The build runs in order. The chicken is minced fine and worked with onion, ginger, garlic, green chili, and warm spice until it is sticky enough to hold its shape, then pressed onto a skewer and cooked over high heat so the outside firms and colors while the inside stays moist. The paratha is griddled separately on a hot tawa with fat until it is layered, pliable, and lightly crisp. The kebab is slid off the skewer onto the bread, sliced or left whole, then dressed with thin-cut raw onion, a squeeze of lime, and a chutney before the bread is rolled tight, often around a paper sleeve. Good execution gives a kebab that is cooked through but still tender, a paratha that bends without cracking, and a roll wrapped tightly enough that it does not unravel halfway through. The common failures are a dry, overworked kebab that crumbles, a cold or flabby paratha that tears, and too much chutney that turns the bread to mush.
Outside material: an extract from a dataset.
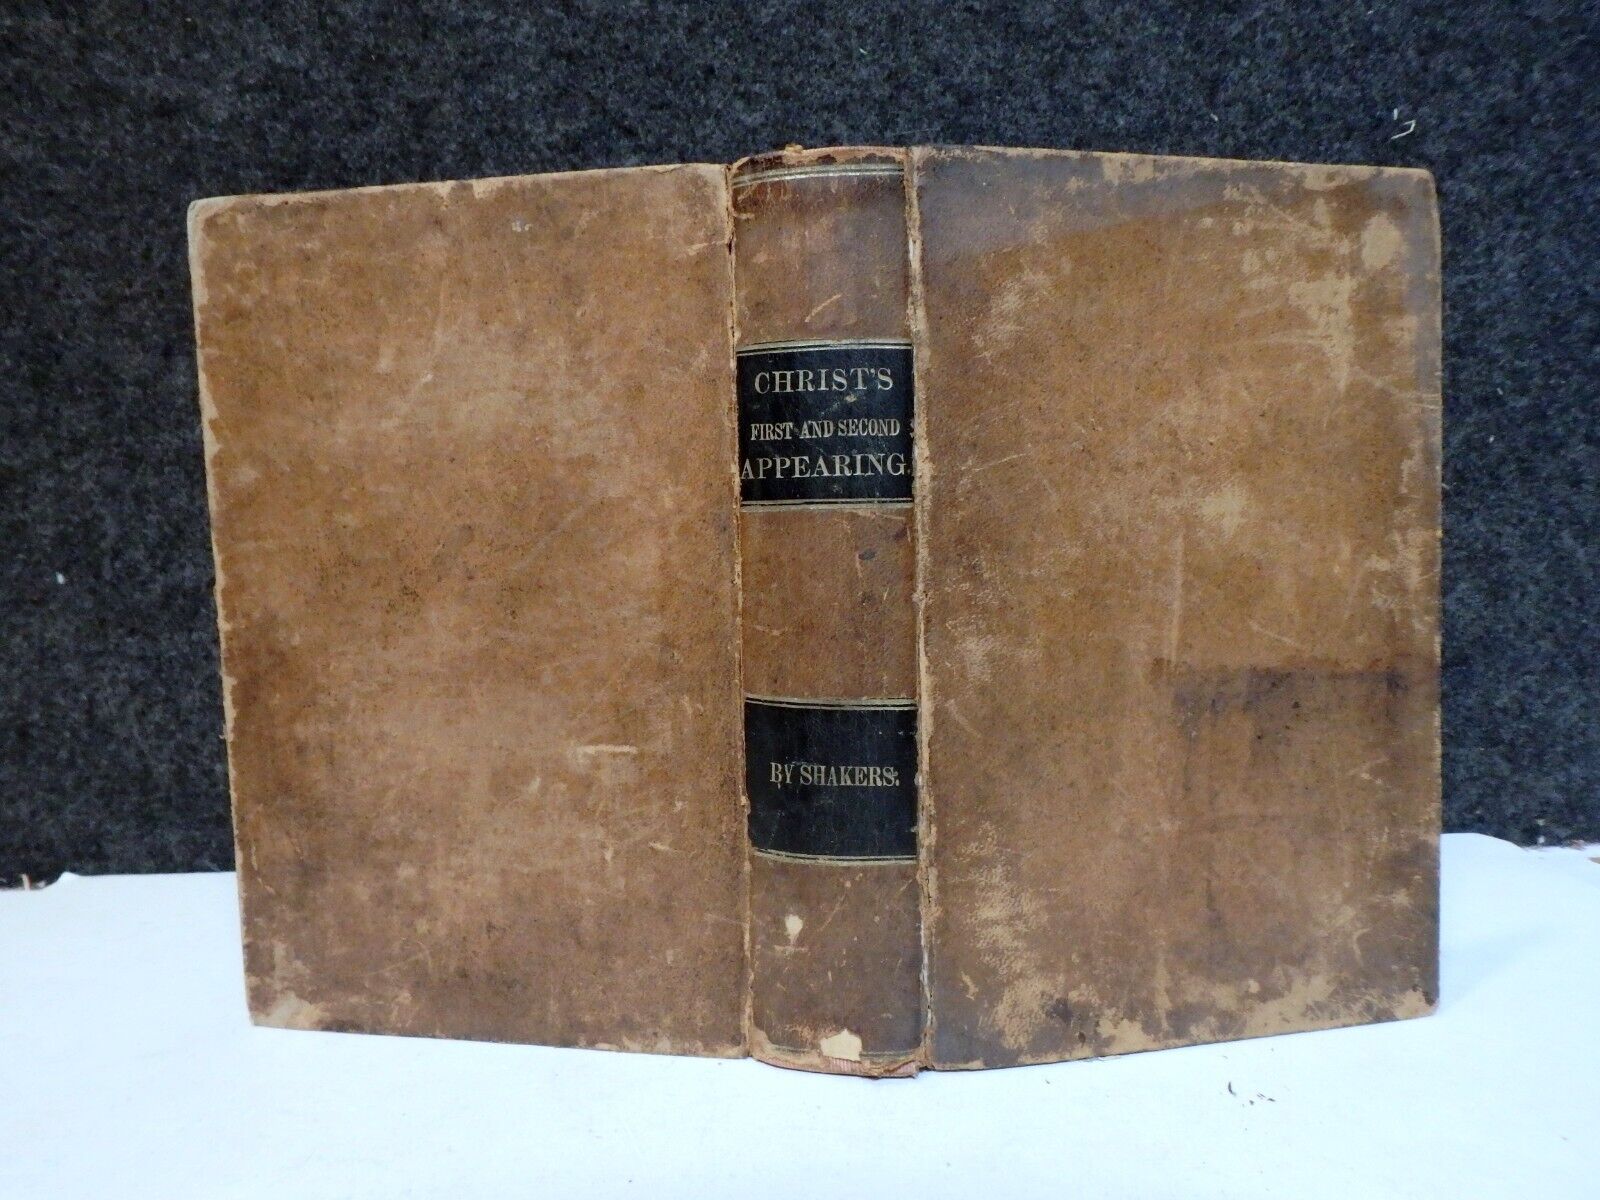 1856 SHAKERS BIBLE Testimony of Christ\'s Second Appearing FOURTH EDITION BOOK

Variations move along heat and richness. A spicier version drives green chili and black pepper into the mince and brings a sharper chili chutney; a milder one leans on a cooling mint-coriander chutney and a softer spice profile. Double-kebab builds add a second skewer's worth of meat, and some shops swap a roomali or naan for the paratha, which changes the chew. The chunk-based tikka rolls, the egg rolls, and the mutton seekh version are close relatives but each deserves its own article rather than being crowded in here. What stays constant is the principle: a properly ground, properly grilled seekh kebab that is juicy and charred, carried in a fresh, pliable paratha, with raw onion, acid, and chutney kept sharp against the richness.